Однако сегодня, перед лицом опасности для межнационального мира на Кавказе, которую открыто признал и президент, настало время реально оценить обстановку в зоне осетино-ингушского конфликта. Назвать ее спокойной невозможно никак. Данные о численности вернувшихся ингушских беженцев сильно разнятся, но в любом случае ясно, что в их жизни сохраняется много проблем. Начиная с того, что некоторые села Пригородного района Северной Осетии по-прежнему `закрыты` для беженцев. При подъезде к селу Ир, например, открывается такая картина: метрах в пятистах от околицы компактно стоят вагончики. В них уже третий год и живут беженцы, пожелавшие вернуться в родное село. В само село их не пускают. У многих сохранилась прописка в этом селе, и на каждых выборах им предлагают отправиться под охраной на сельский избирательный участок - это единственный способ побывать на родине, но мало кто им согласен воспользоваться. Таких `закрытых` сел в Пригородном районе - минимум пять.
Но и в `открытых` ситуация непростая. Взять, скажем, село Тарское (ингушское название - Ангушт, откуда пошел и этноним `ингуши`). До 1992 года ингуши и осетины жили там вперемешку. Теперь Тарское фактически разделено на два села - ингушское и осетинское, в селе постоянно дежурит ОМОН. А, например, в селе Чермен (ингушское название - Базоркино, село находится непосредственно на границе с Ингушетией) детям вернувшихся ингушей разрешается ходить только в одну из школ, вследствие чего некоторым из них ежедневно приходится проделывать весьма неблизкий путь `в страну знаний`. Совсем уж абсурдная ситуация сложилась в поселке Октябрьское в черте города Владикавказа - в части поселка ингуши находиться могут, а в другой части - нет. Бывшая жительница Октябрьского, побывавшая там прошлой зимой, жаловалась автору этих строк: `К месту, где работала, пройти могу, а туда, где был наш дом - уже нет`.

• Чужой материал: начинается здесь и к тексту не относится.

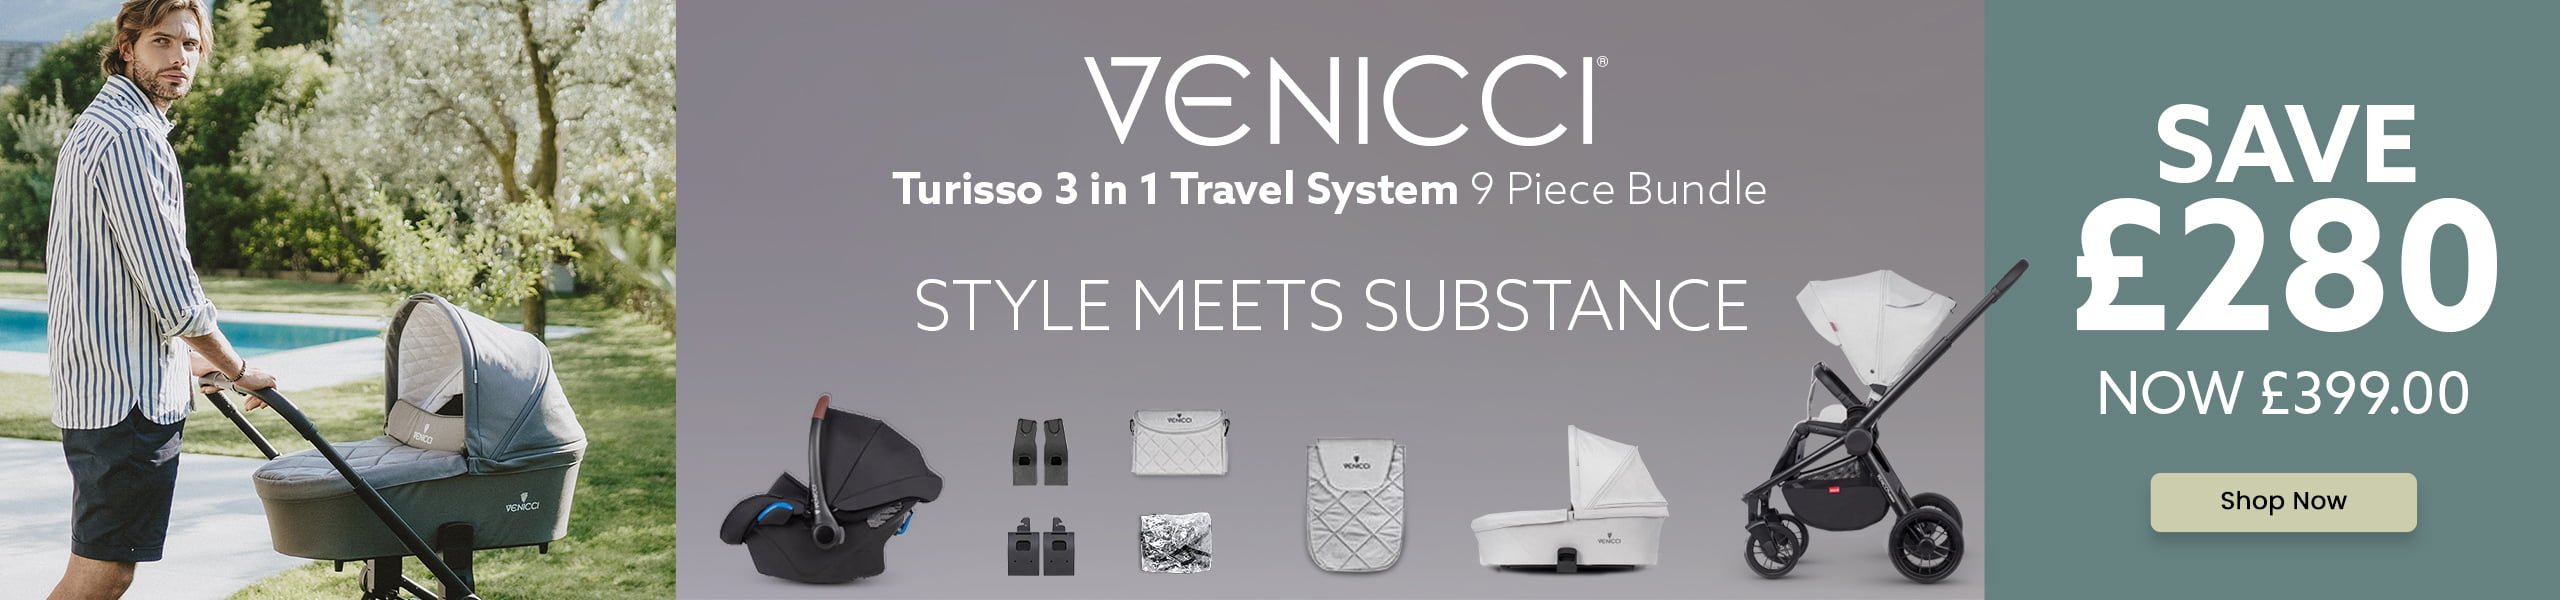 Venicci Turisso 3 in 1 Travel System 9pc bundle

Кто установил подобные барьеры для ингушских беженцев и как реально, а не на бумаге можно их ликвидировать - пока неясно. Очевидно только, что если между главами Северной Осетии и Ингушетии взаимопонимание есть, то на уровне `исполнителей` надлежащего сотрудничества не налажено. Несколько месяцев назад автор этих строк был свидетелем диалога между главой администрации поселка Карца в черте города Владикавказ (глава администрации - русский, в поселок вернулось много ингушских беженцев) и сотрудником Комитета по делам вынужденных переселенцев Правительства Ингушетии. Поселковый `голова` признавался, что за полгода работы впервые видит официального представителя ингушских властей, что сам хотел поехать в Ингушетию, чтобы хоть как-то наладить взаимодействие, но это ему `не по статусу`.
К взрыву в зоне осетино-ингушского конфликта теракт в Беслане не привел. Информация о межнациональном обострении в селе Чермен, появившаяся 3 сентября, пока не находит подтверждения. Но можно ли надеяться, что прозвучавший в Беслане звонок заставит федеральные власти с большим вниманием отнестись к ситуации в `забытой` конфликтной зоне?
Автор - шеф-редактор по Северному Кавказу информационного агентства REGNUM.